§ **The task**:
In the data below, find the line containing "承認ネイティブランデブー沖縄子育て良品 月桃&ティツリーのケアクリーム (25g)" and the line containing "LightontheLandscape-cover-3500px-copy", then reproduce them and every line between, exactly. Omit pictures.

§ **Data for the task**:
____
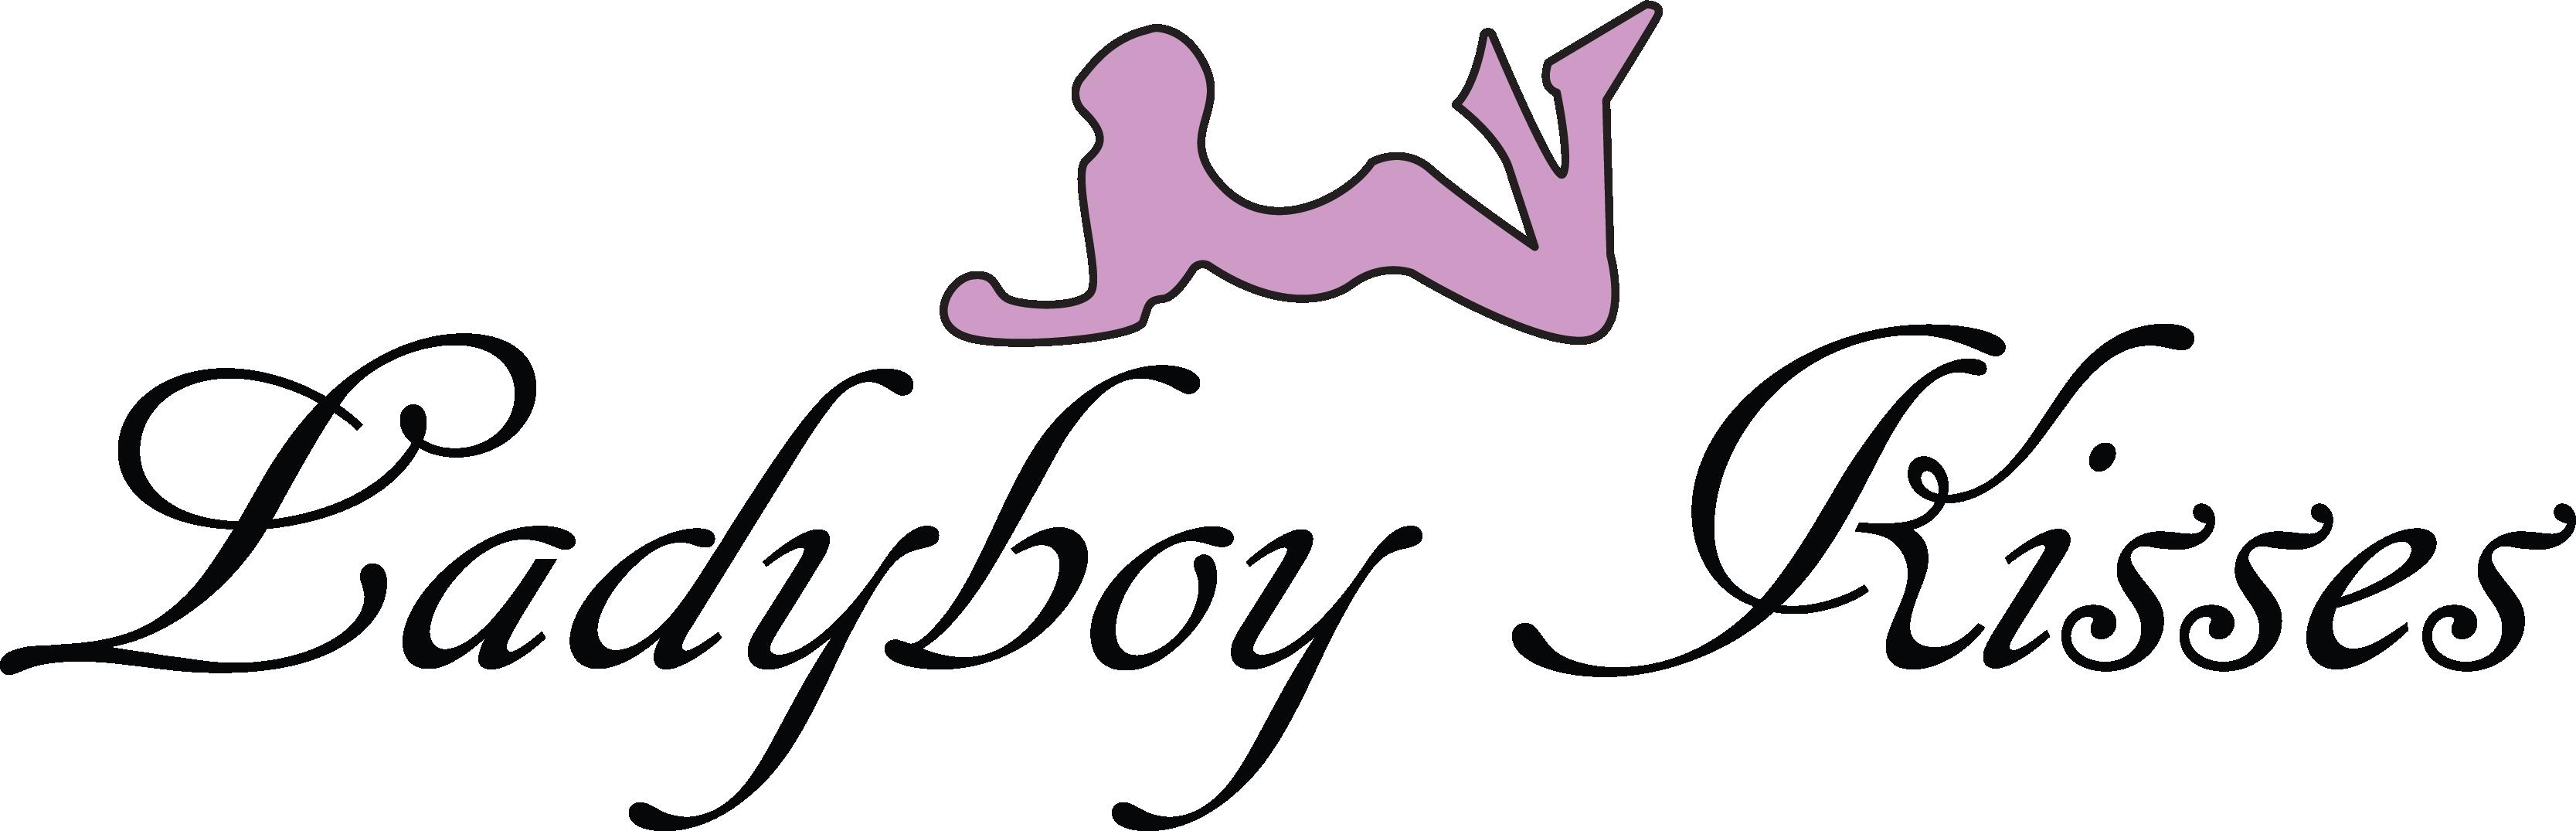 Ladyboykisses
____
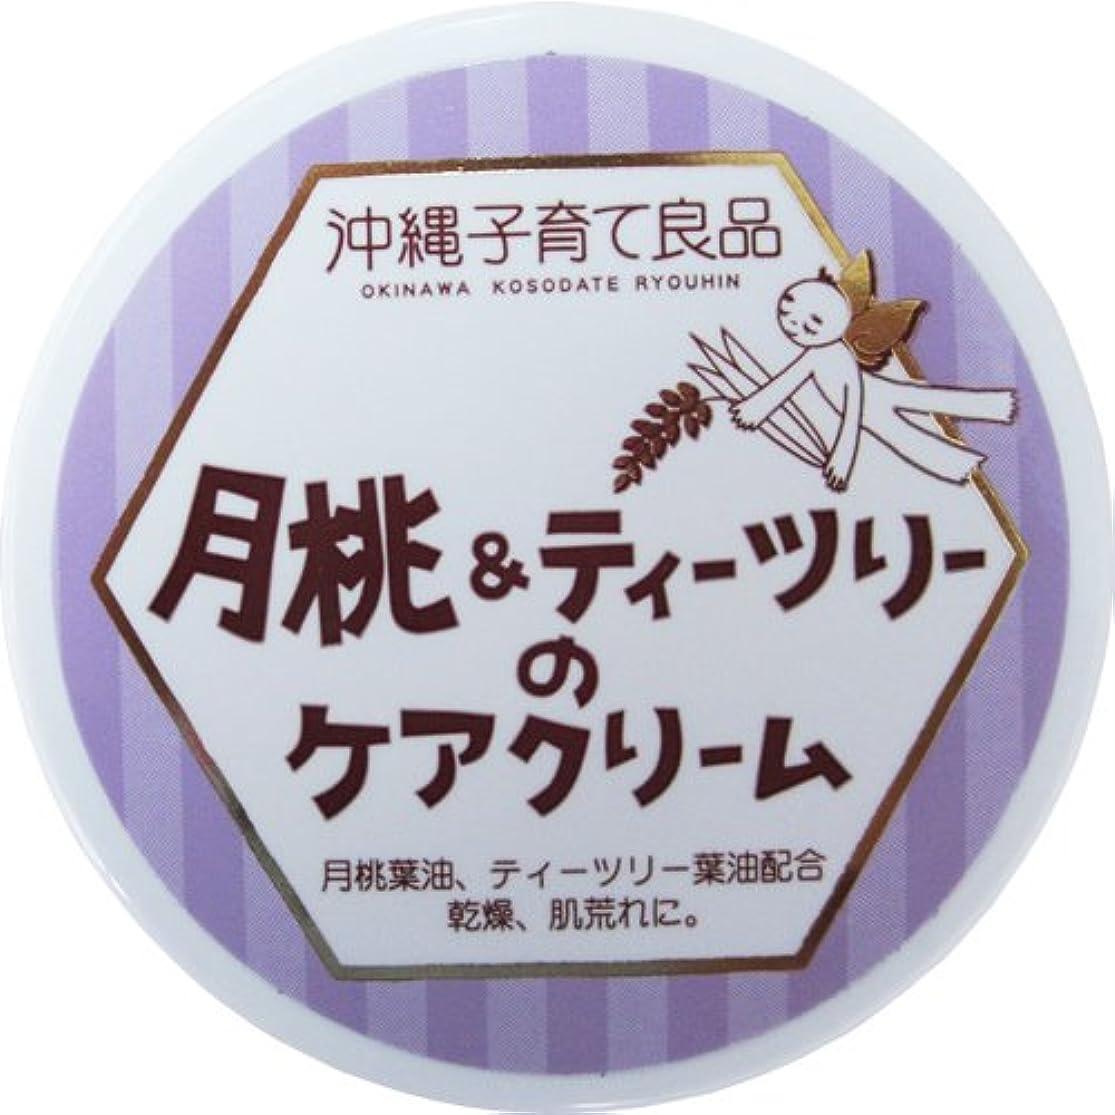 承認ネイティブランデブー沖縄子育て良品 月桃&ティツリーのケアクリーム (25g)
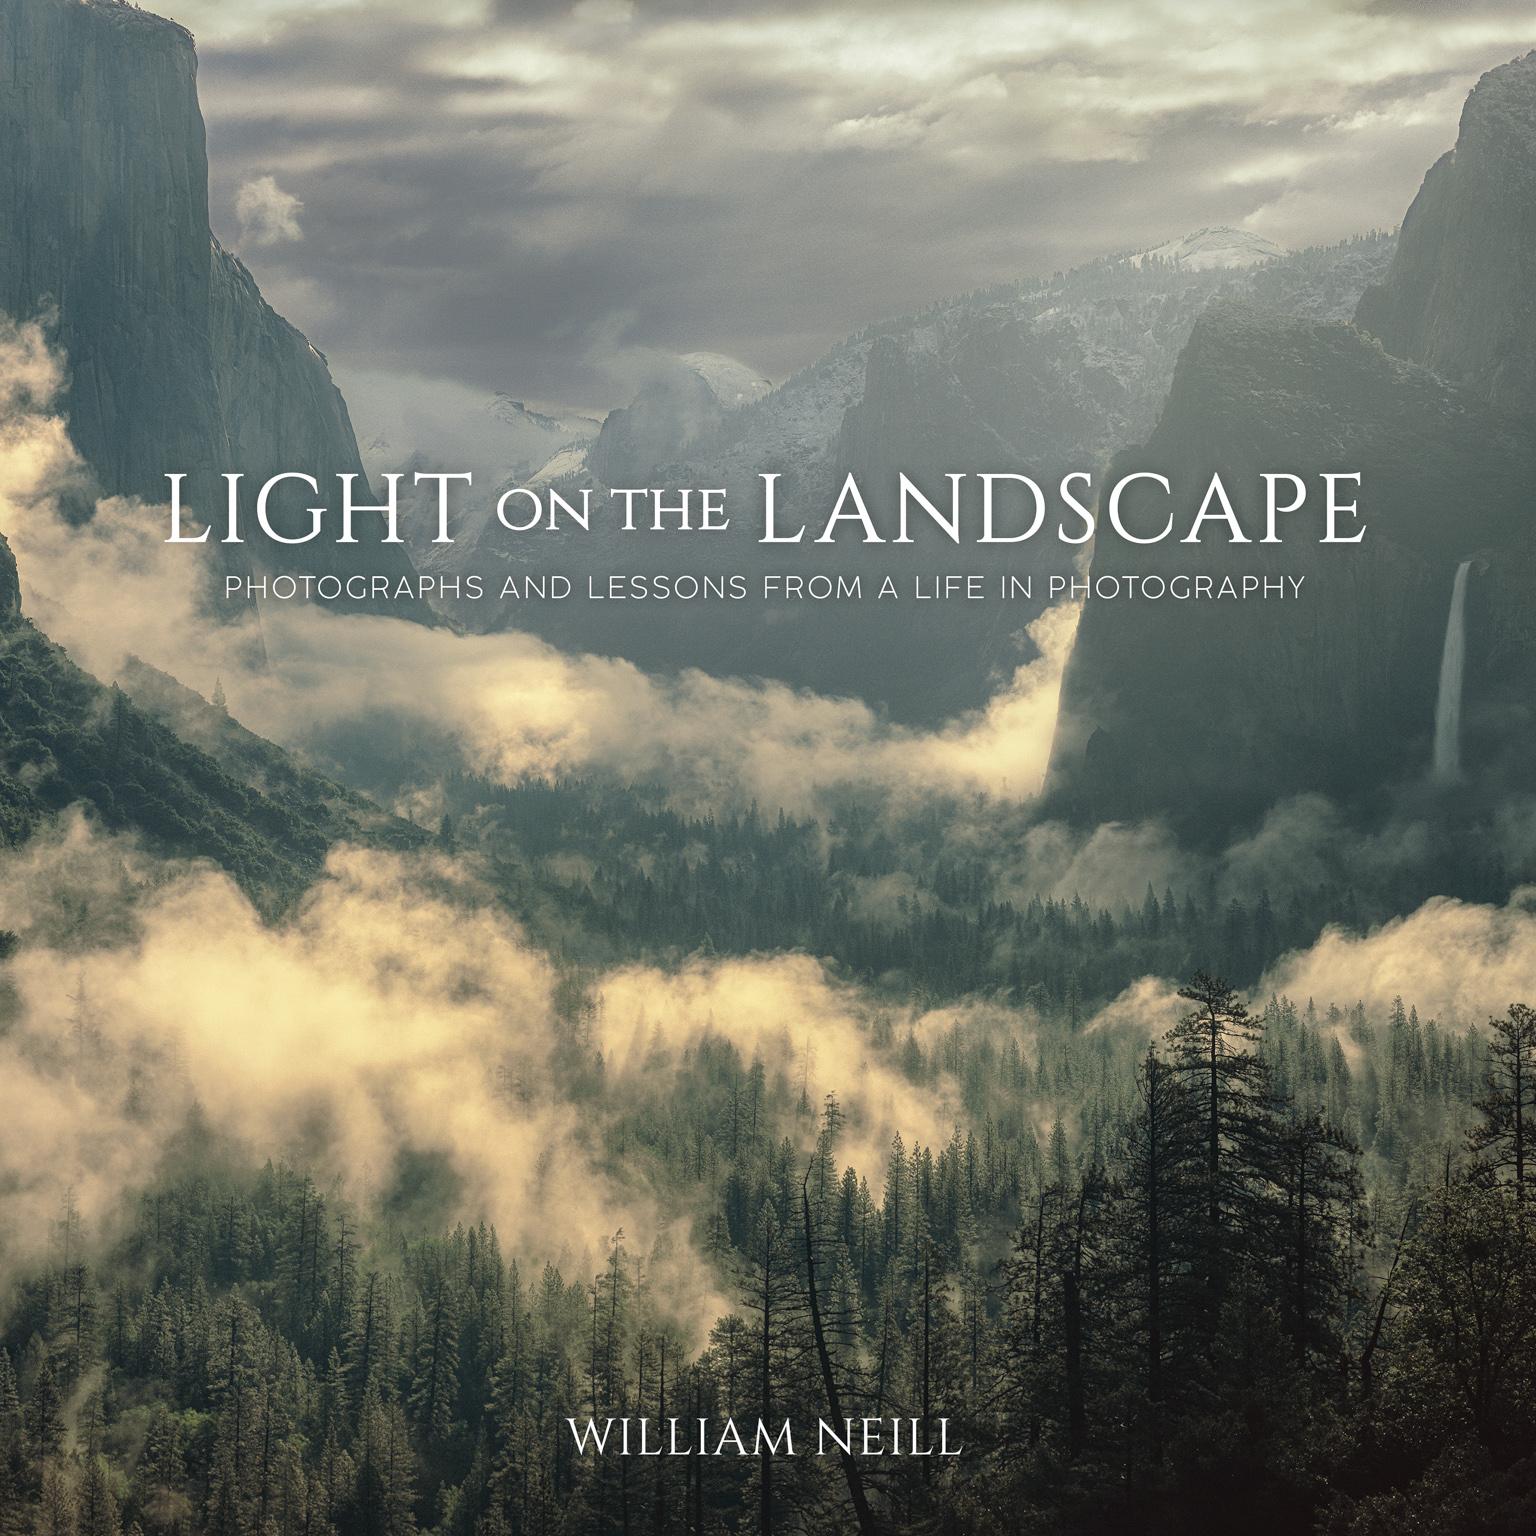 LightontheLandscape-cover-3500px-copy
____
§ **Answer box**:
 承認ネイティブランデブー沖縄子育て良品 月桃&ティツリーのケアクリーム (25g)
 LightontheLandscape-cover-3500px-copy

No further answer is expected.